In 2001, CJME moved from their longtime position at 1300 kHz to the 980 kHz frequency.

On September 11, 2006, the station changed its on-air brand from 980 CJME to News Talk 980.

In late 2008, the station added the CJME call letters back to its on-air brand, becoming known as 'News Talk 980 CJME'.

On September 29, 2009, CJME applied to add new FM rebroadcasters to extend its coverage into south Saskatchewan. The new transmitters would be located at Gravelbourg (107.1), Swift Current (101.7) and Warmley (107.3), all with the ERP of 100,000 watts. This application received CRTC approval on February 26, 2010.

Rebroadcasters

Programming

Most of CJME's weekday lineup is shared with its Saskatoon sister station CKOM, aside from a local morning show (hosted on CJME by Greg Morgan, with news anchor Kevin Martel). Its daytime lineup consists of Gormley, which is followed by Saskatchewan Afternoon from 12:30-2:00. It's a comprehensive look at the day's stories so far and features some of the best of the day's programming.

The Green Zone with Jamie and Wheels" airs from 2:00-6:00, a daily Sports Talk show. Award winning sports person Jamie Nye and multiple local Emmy-winning broadcaster and former NHL coach Drew Remenda are joined regularly by some of the biggest names in sports in Saskatchewan and beyond.

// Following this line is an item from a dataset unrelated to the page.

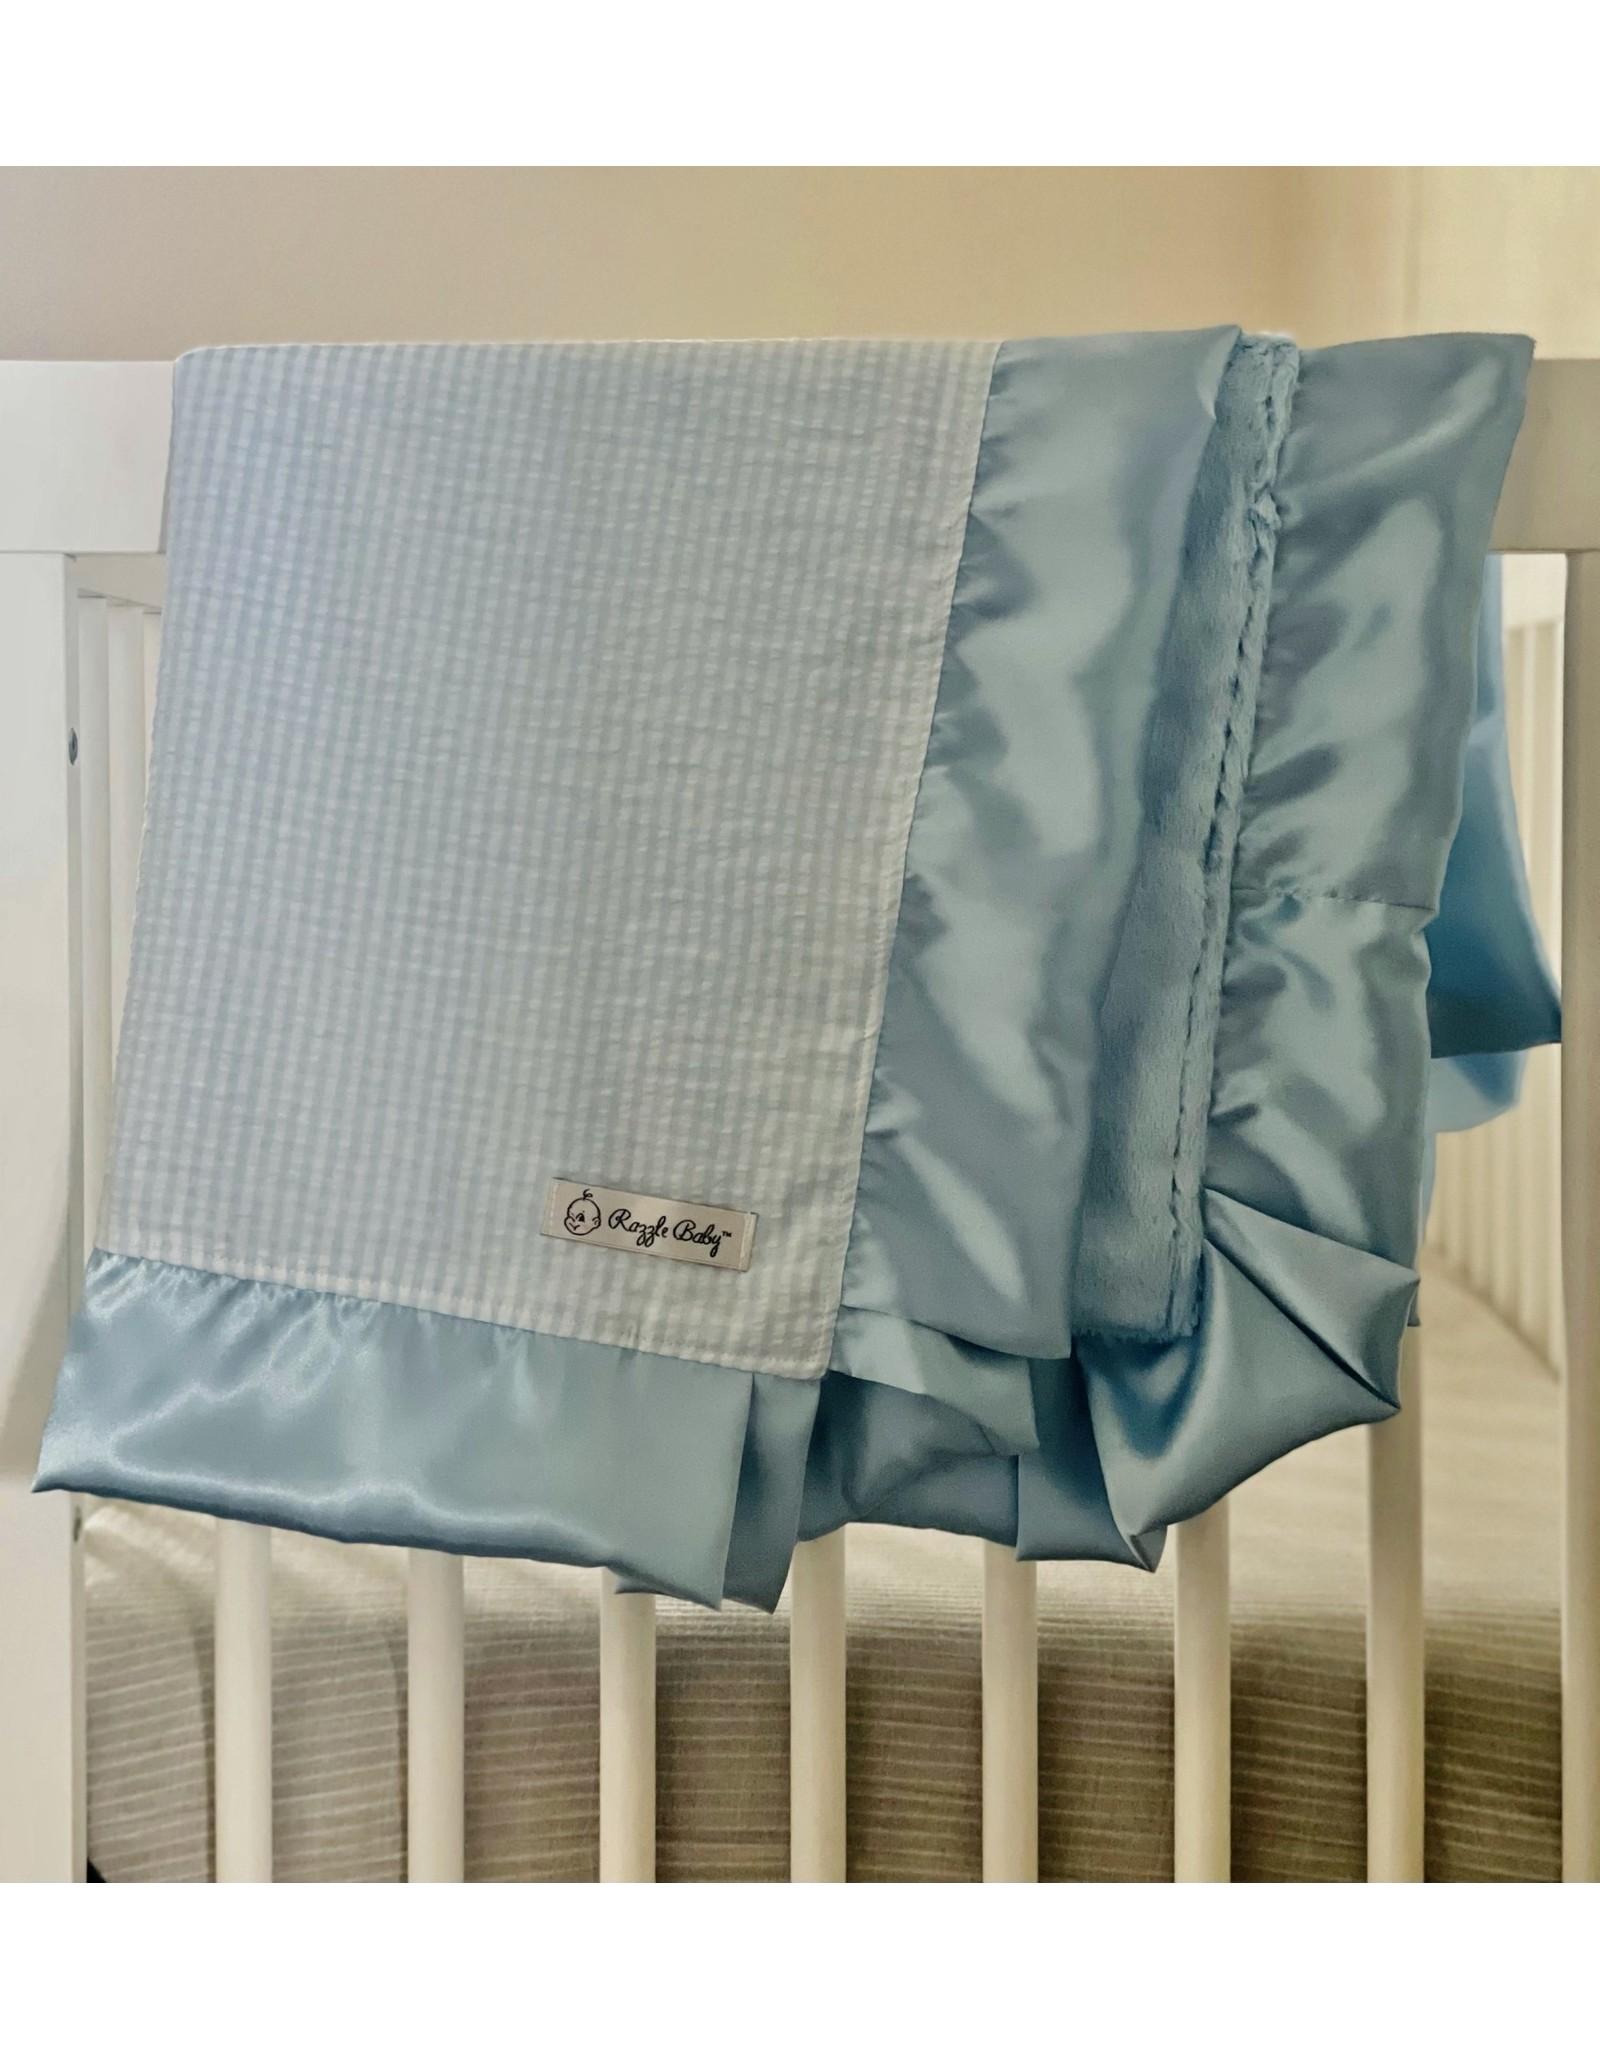 Razzle Baby Razzle Baby- Double Plush Blue Seersucker Blanket

At 6PM, it's "The Day in Review," an in-depth wrap on the day's biggest stories, as well as business, and the best of the day's shows.

CJME has won dozens of national and regional awards, including multiple Best Radio Newscast awards, as well as recognition for Breaking News coverage, Feature Reporting, Ongoing Coverage, Investigative Reporting, Special Event coverage and Commentary.

The station devotes a significant amount of coverage to the CFL's Saskatchewan Roughriders, which includes coverage preceding and following each game.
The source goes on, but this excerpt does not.